The Rev. Dr. Ray Hammond, pastor of Bethel AME Church in Jamaica Plain, said he has already begun “laying the groundwork” for discussions about the importance of taking the COVID-19 vaccine with his mostly Black congregation. A former emergency medicine doctor, Hammond said he has previously spoken with congregants about the need for diverse participation in clinical trials and has hosted mobile vaccination clinics at his church between services.
“What I’ve discovered is there’s both wariness, but there’s also confusion about what vaccines can and can’t do, and what the process looks like,” he said. “Some of it’s deep and long-lasting. Other elements I think are specific to this situation, but I think both of them can be addressed patiently.”

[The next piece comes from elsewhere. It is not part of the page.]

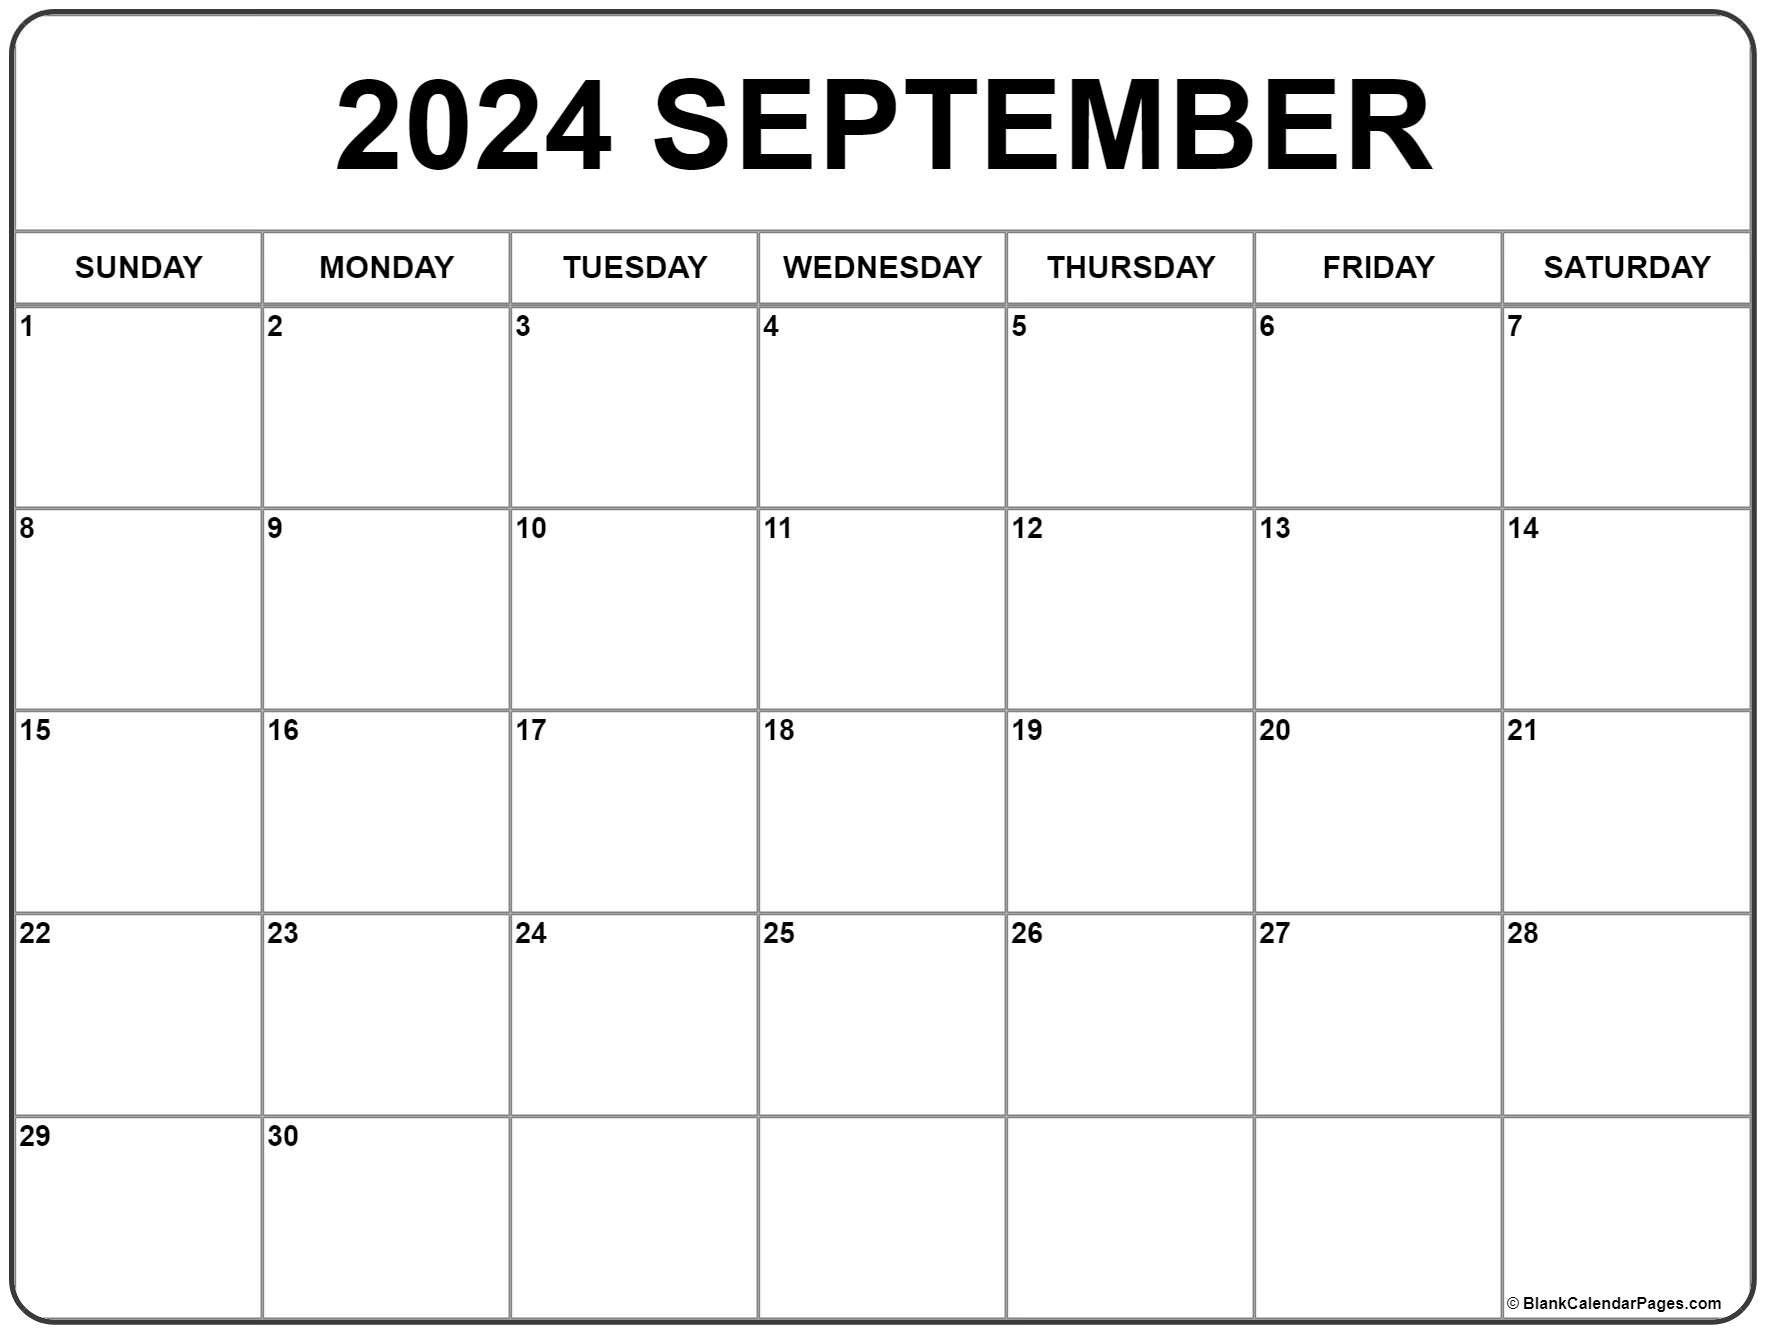 September 2022 Calendar Printable Free September 2022 Calendar | Free Printable Calendar Templates

In a recent webinar with other physicians about COVID-19 vaccine research, Ojikutu recalled being asked by a community member, “Why should we trust you?” For the panelists, it was a sobering moment.
“I think everybody paused and said, ‘Hmm, that’s a tough question,’ ” she said. “I’m not saying anybody should immediately trust anybody. . . . It’s very clear that some level of mistrust is quite normal and quite expected. It’s a normal response to an adverse environment. But if someone is saying, ‘OK, let’s talk about this,‘ we have to at some point open the door to these discussions.”